Because of the growing popularity of single-use materials, the identification, characterization, and qualification of new materials used for disposable processes have become increasingly important for both regulatory and production purposes. This article describes one approach to identifying and validating the materials used in a disposable filling process.

Many articles describe the growing need for and benefits of the replacement of traditional, reusable technologies with disposable, single-use components in the pharmaceutical and biotechnology industries (1–6). Replacing reusable materials (e.g., stainless steel) with disposable products is cost effective and increases operator and product safety (3–6).

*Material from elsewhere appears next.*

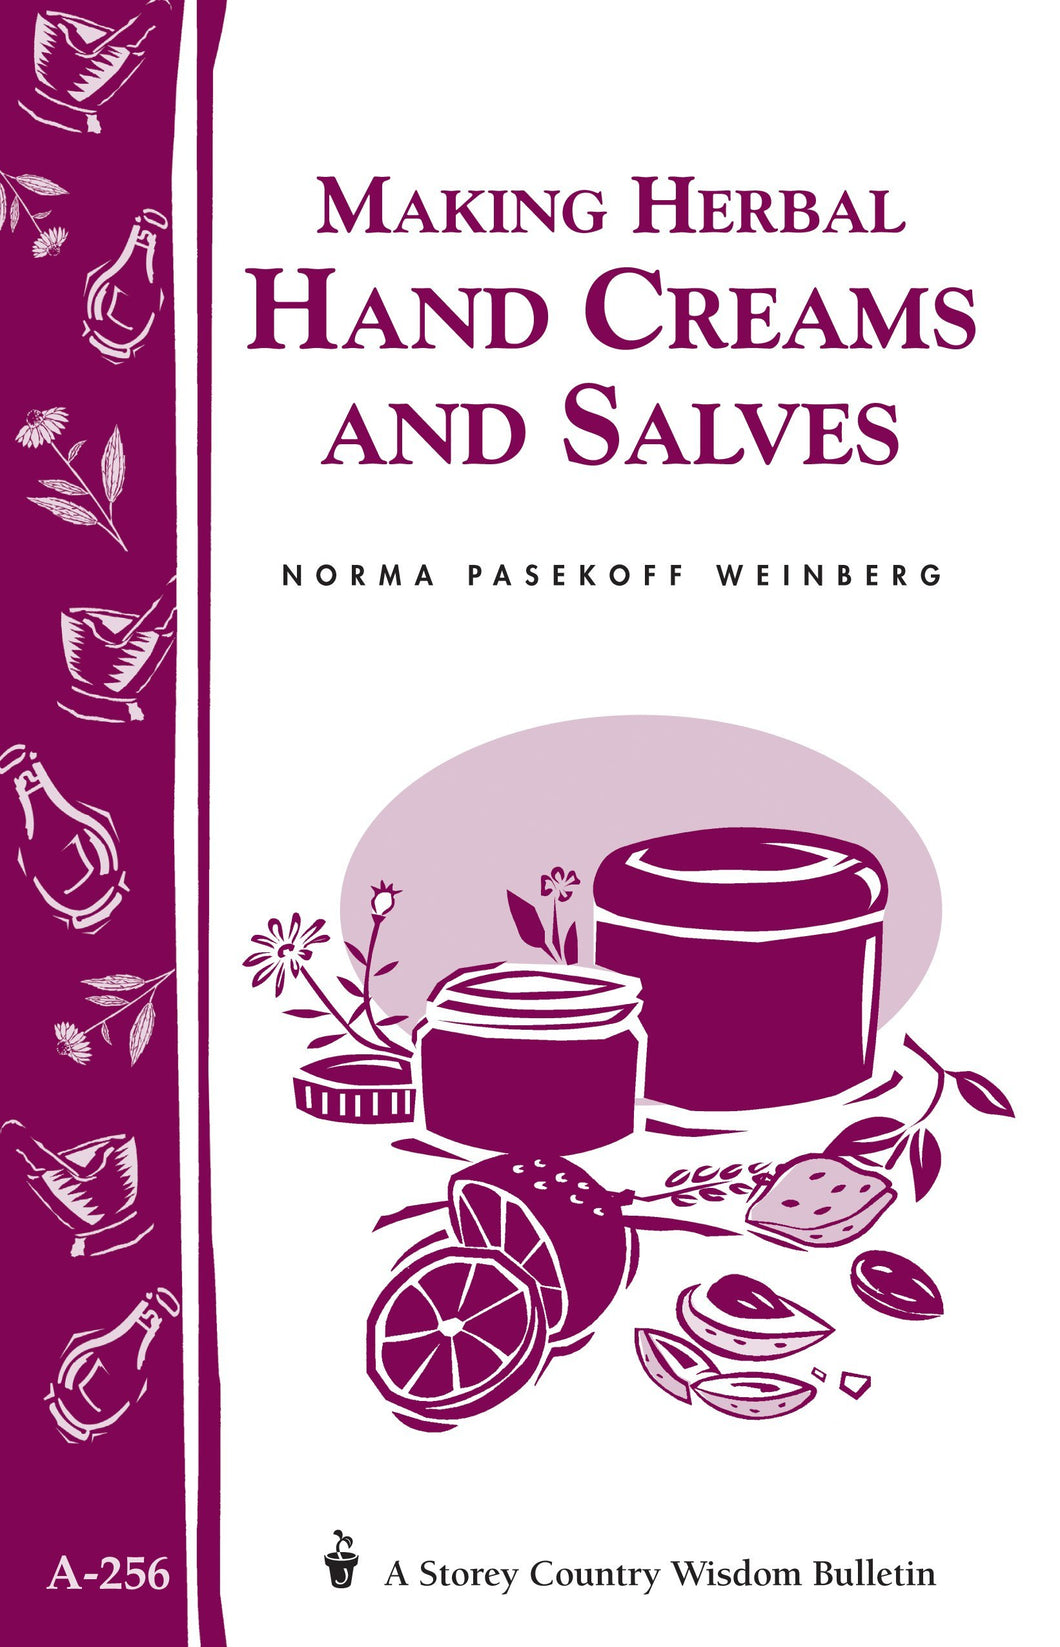 MAKING HERBAL HAND CREAMS AND SALVES A-256

For disposable technologies to be accepted by an industry, vendors must show that disposable systems can have equal or better performance than traditional systems. As vendors begin supplying complete sterile, disposable solutions to the pharmaceutical and biotechnology industries, suppliers will be required to have complete validation packages and an in-depth understanding of their products.

The first decision that must be made when designing and manufacturing a disposable assembly is the choice of materials to be used. The materials typically chosen are polymeric materials that must be sterilized using common sterilization methods. Typically, prepackaged, presterilized disposable assemblies are gamma irradiated at >25 kGy. Therefore, the materials of these assemblies must be nontoxic and resist changes to their physical properties after being irradiated.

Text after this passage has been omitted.